Zum Ideengut gehören in vielen Ländern u.a. Verschwörungstheorien, white supremacy, religiöser Fundamentalismus, Anti class politique, Anti-Intellektualismus, Kreationismus, Anti-Feminismus, Anti-Abortion, Homophopie, Anti-Semitismus.

In der ersten Hälfte des 20. Jahrhunderts nährte sich der Faschismus aus ähnlichen ideologischen Quellen des völkischen Nationalismus. Resultat war der 2. Weltkrieg mit Millionen Toten. Eine Garantie, dass sich die Geschichte nicht wiederholt, gibt es nicht. Die Parole "Nie mehr Krieg" ist gut gemeint.

Anhänger

Rechtsnationale Parteien scharen Aktivisten hinter sich, die von der pluralistischen liberalen Demokratie enttäuscht sind und von einem Führer geführt werden möchten. Ein Führer, der ihnen die Welt erklärt, ihre Welt in Ordnung bringt, wenn notwendig mit Gewalt gegen Andersdenkende. Ein Führer, der sie vor fremden Leuten und Ideen schützt und für ihre ökonomische Absicherung sorgt.

Rechtsnationale Führer liefern laufend einfache Antworten auf komplexe Fragen, mit Rückgriffen auf Gewaltvorstellungen. Das ist Stoff für die Medien und macht sie populär. Undurchdringliche Mauern werden den Anhängern versprochen, mehr Polizei, mehr Ausschaffungen, Abbruch von Beziehungen, religiöser Fundamentalismus, um alles Fremde auszusperren. Und sie versprechen schnelle Umsetzung, sobald sie an der Macht sind.

Politiker aus andern Lagern gelten als Sündenböcke, die für die eigene unbefriedigende Lage verantwortlich gemacht werden. Nur eine einzige politische Ausrichtung gilt als legitim. Diversität im Denken wie Handeln ist verpönt.

Beliebt sind – wie im Faschismus der dreissiger Jahre und im totalitären Kommunismus der Sowjetzeit– populistische Massenveranstaltungen mit einem Führer und tausenden zujubelnden Anhängern, wie präsentiert von Trump, LePen, Salvioni, Putin, Xi Jinping etc.
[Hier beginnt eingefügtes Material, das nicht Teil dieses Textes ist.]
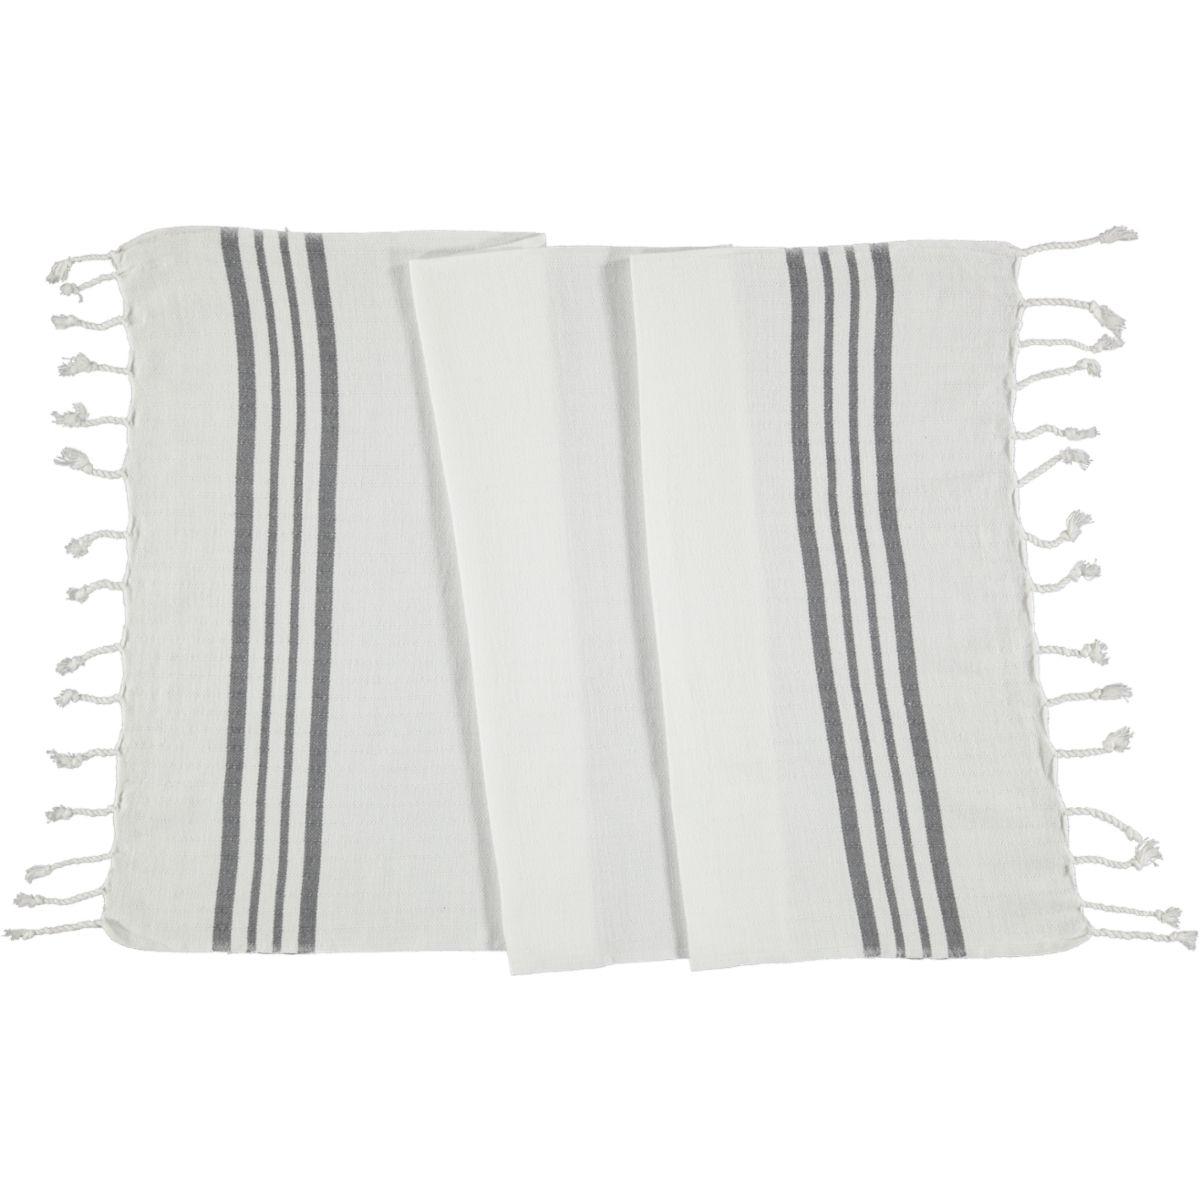 Peshkir - White Sultan / Dark Grey Stripes

Wo die Rechtsnationalen im politischen System Erfolg haben und bezahlte Posten vergeben können, versammeln sich viele Mitläufer und Trittbrettfahrer. Sie glauben nicht unbedingt an die Ideologie, möchten aber ökonomisch und in ihrer Karriere vom Erfolg dieser Politik profitieren. Letztlich sind sie es, die die Ausbreitung des Rechtsnationalismus befördern.

Wahlanalysen zeigen, wo die Rechtsnationalen in allen Ländern vorwiegend Erfolg haben:

  • bei der ländlichen Bevölkerung,
  • bei Personen mit weniger Ausbildung,
  • bei Personen mit tieferen und mittleren Einkommen,
  • bei der Generation Z und bei älteren Personen,
  • bei religiösen Fundamentalisten.

Die in liberalen westlichen Demokratien während vielen Jahren von den traditionellen Parteien aufgebaute Erwartung, der Staat könne und müsse alle individuellen Probleme aus der Welt schaffen, erweist sich als Bumerang.

Die Erwartungen können nicht erfüllt werden.

Stagnierende oder sinkende Einkommen im Mittelstand erhöhen die Bereitschaft, rechtsnational zu wählen. Die Rechtsnationalen propagieren die Migration als Ursache der persönlichen Stagnation und machen dafür die classe politique verantwortlich.